OS- “round, about”. N o “about, concerning”, h before vowel as o Hedhil “concerning Elves” (Ety/OS).

The other affect is the voiceless stops become voiceless spirants (p, t, cph, th, ch) and voiced liquids r, l become voiceless rh, lh; this is the normal phonetic effect of a historical s preceding p, t, c, r, l. Though not mentioned by Tolkien, is likely that older initial ch would be preserved rather than becoming h as it does initially, so that initial h would “mutate” to ch.

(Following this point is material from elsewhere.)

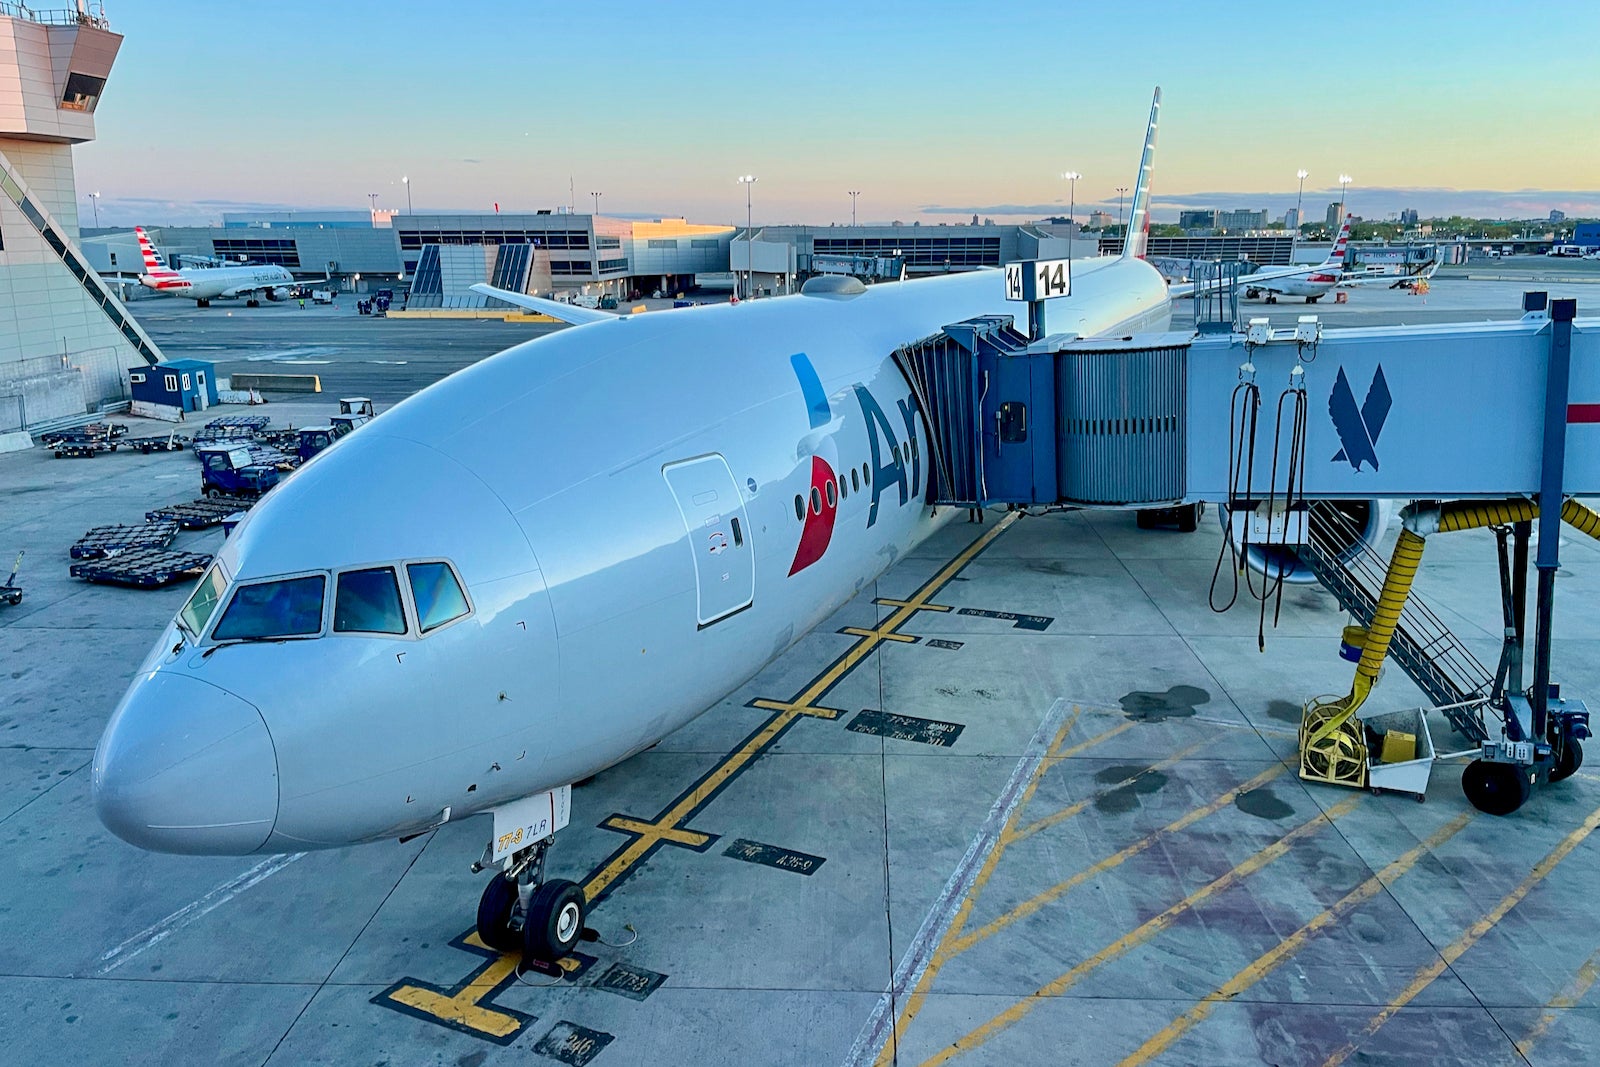 Fourcabin review Putting American Airlines' Boeing 777300ER to the

Summary: I would rate this as a “mostly optional” mutation, in that its effects are minimal and are mentioned only in a single source. I personally would restore the h before vowels, but otherwise ignore any other mutational effects. If you do choose to use this mutation, its effects are:

  • Initial voiceless stops (p, t, c) become voiceless spirants (ph, th, ch).
  • h becomes ch.
  • Voiced liquids l, r become voiceless lh, rh.